**GIVEN RECORDS**
·····

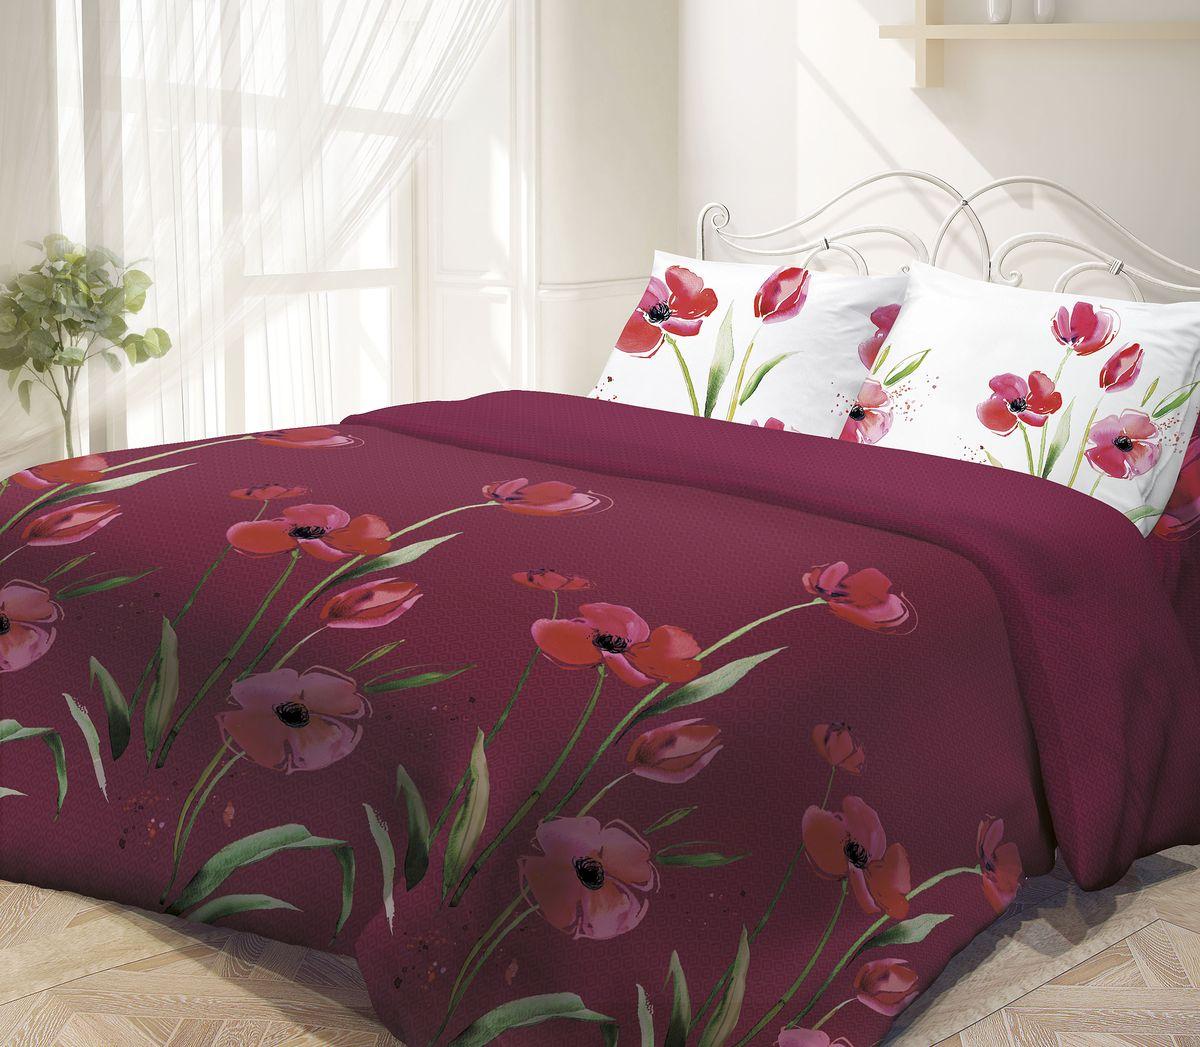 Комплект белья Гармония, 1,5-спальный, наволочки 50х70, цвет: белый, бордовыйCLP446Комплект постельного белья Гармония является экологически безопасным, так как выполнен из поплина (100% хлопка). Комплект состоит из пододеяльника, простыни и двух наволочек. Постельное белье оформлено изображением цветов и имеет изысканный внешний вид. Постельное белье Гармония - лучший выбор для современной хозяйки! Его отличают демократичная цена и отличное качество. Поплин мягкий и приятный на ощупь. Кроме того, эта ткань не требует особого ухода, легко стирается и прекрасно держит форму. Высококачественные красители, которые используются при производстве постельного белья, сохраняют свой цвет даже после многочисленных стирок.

·····

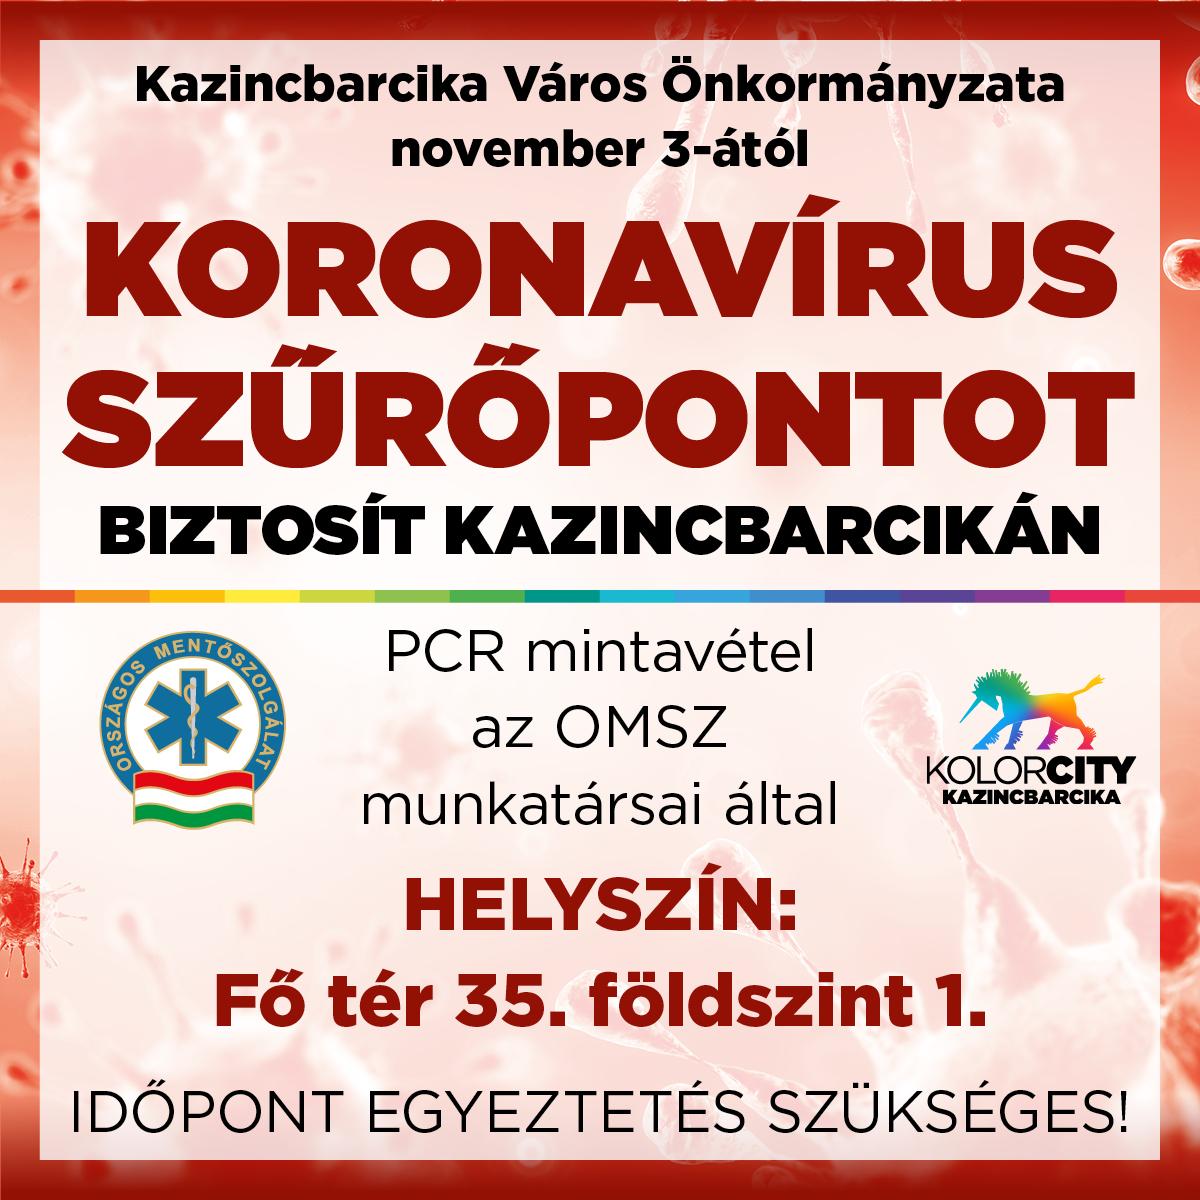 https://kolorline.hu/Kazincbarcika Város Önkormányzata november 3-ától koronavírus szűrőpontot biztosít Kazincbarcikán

·····

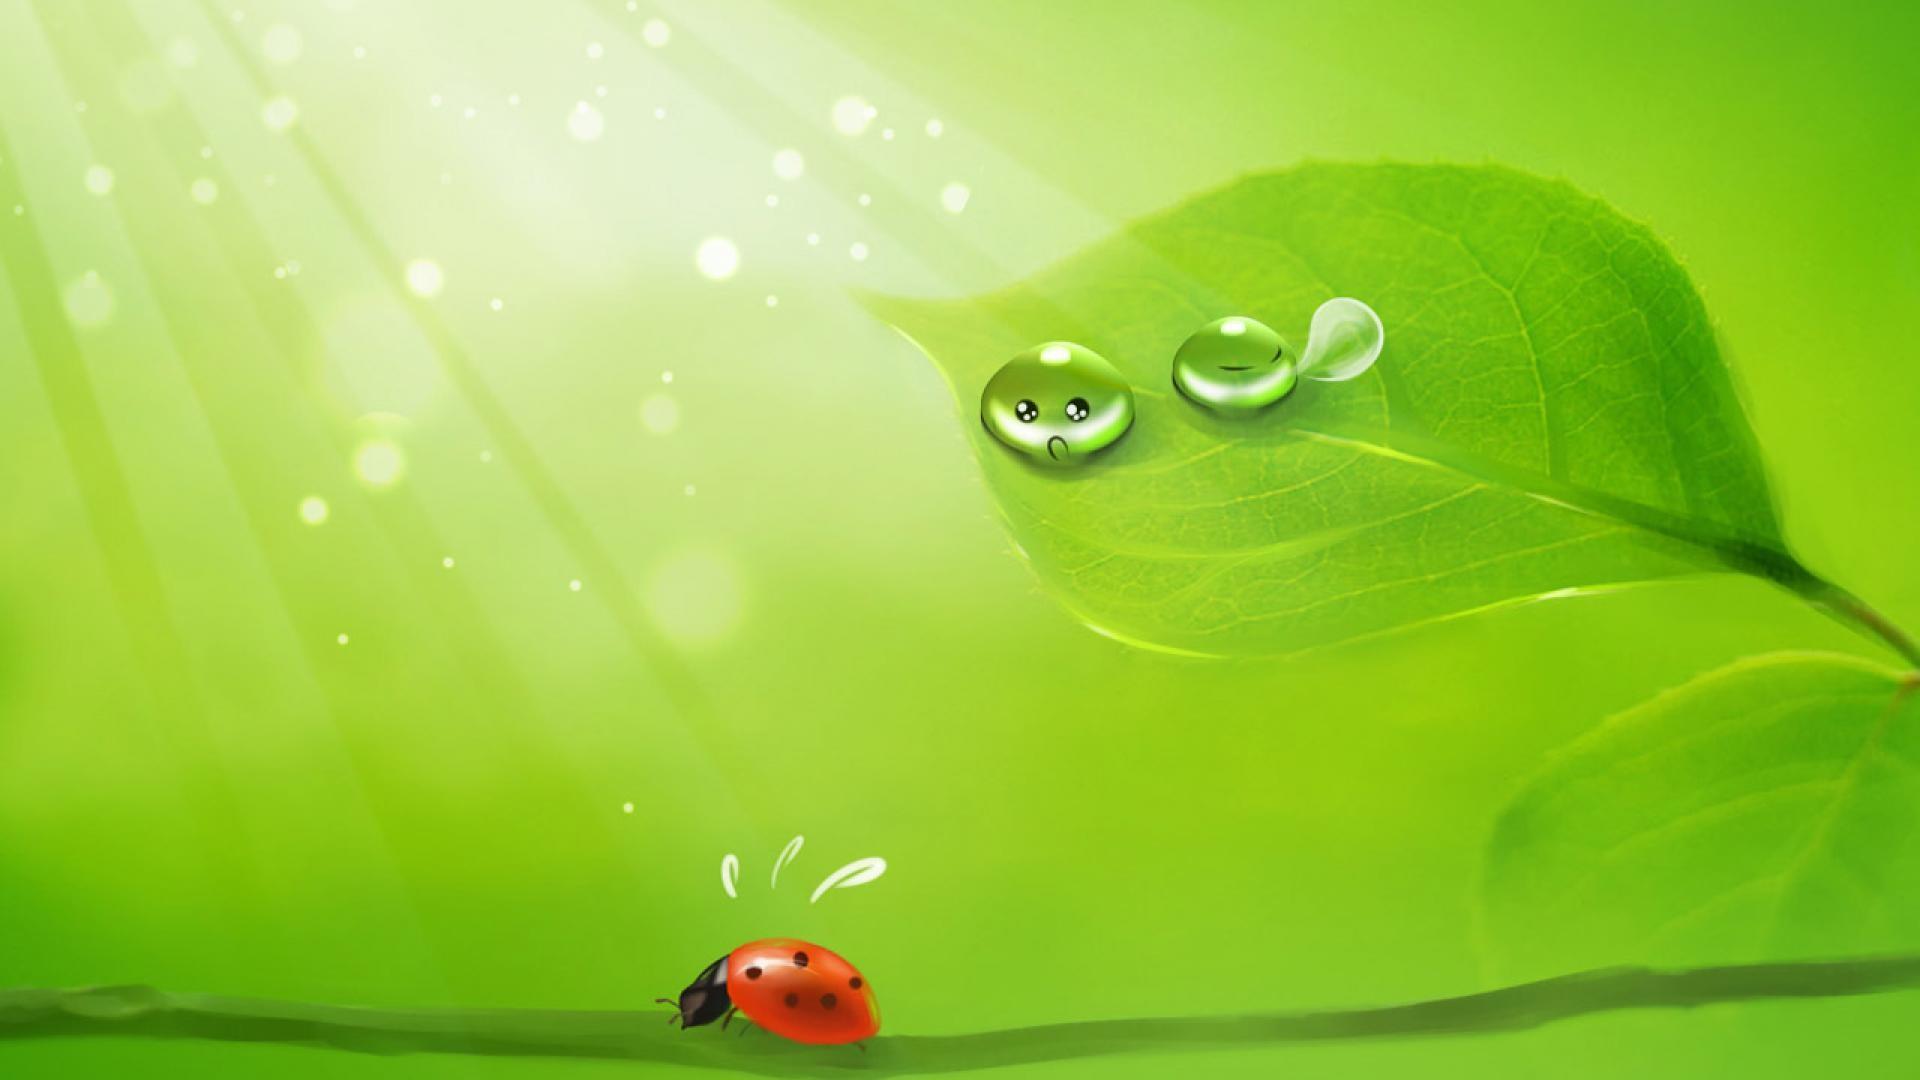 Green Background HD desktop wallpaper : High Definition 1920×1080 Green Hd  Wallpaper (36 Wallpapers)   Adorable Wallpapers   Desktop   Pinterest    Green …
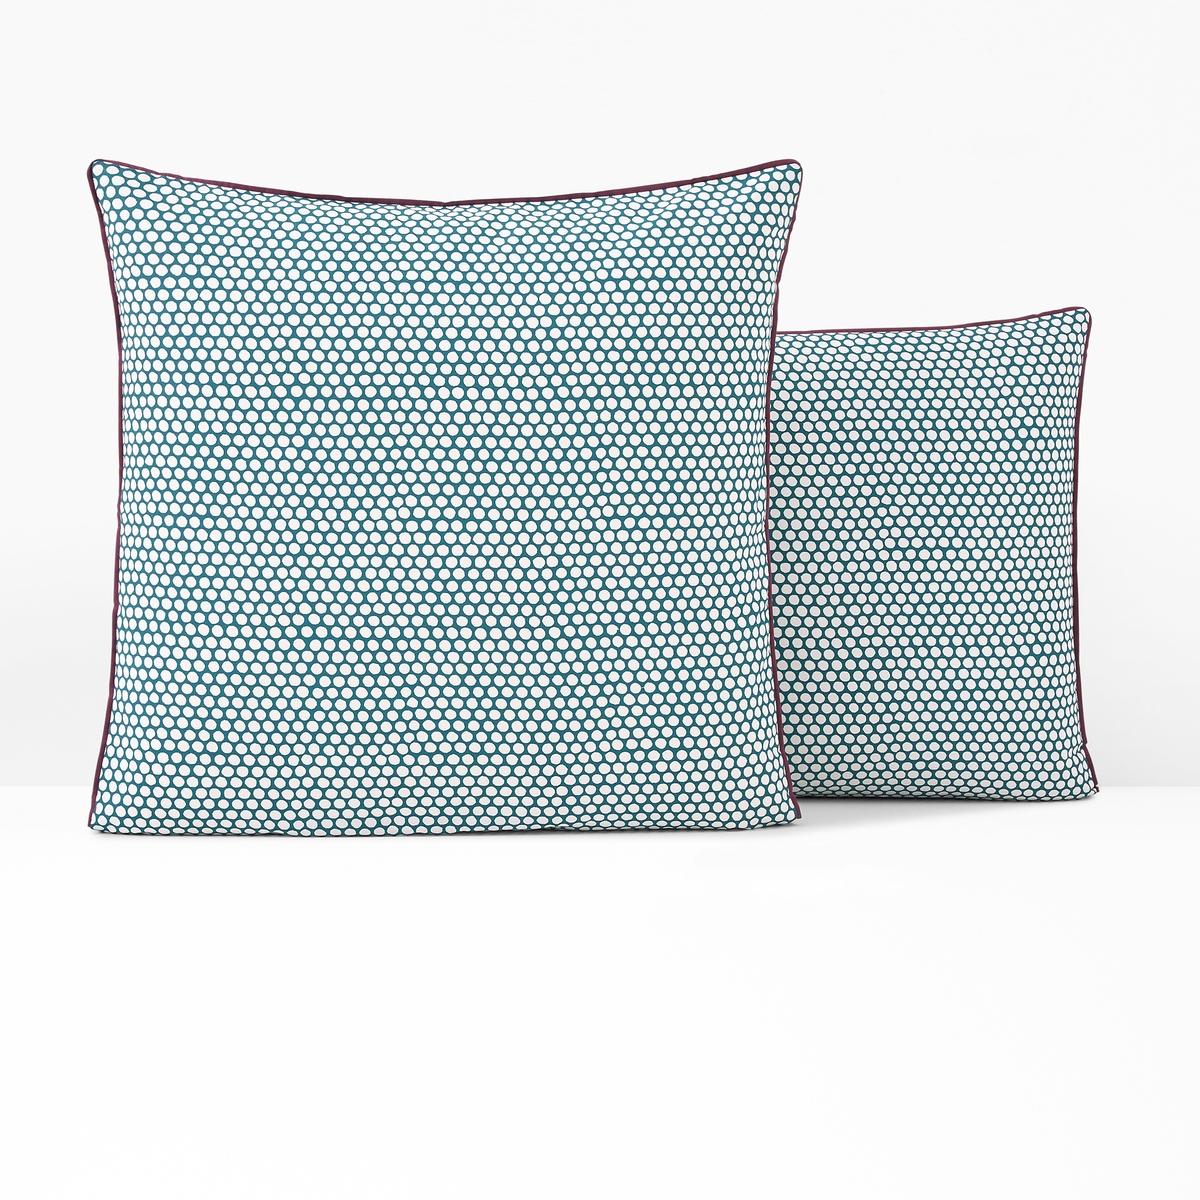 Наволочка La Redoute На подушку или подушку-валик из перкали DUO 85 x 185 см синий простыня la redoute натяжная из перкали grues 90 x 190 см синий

·····

Precisely those lines above that run from the line with "Green Background HD" up to and including the line with "Наволочка La Redoute" are to be set down, with the pictures omitted.

 Green Background HD desktop wallpaper : High Definition 1920×1080 Green Hd  Wallpaper (36 Wallpapers)   Adorable Wallpapers   Desktop   Pinterest    Green …
 Наволочка La Redoute На подушку или подушку-валик из перкали DUO 85 x 185 см синий простыня la redoute натяжная из перкали grues 90 x 190 см синий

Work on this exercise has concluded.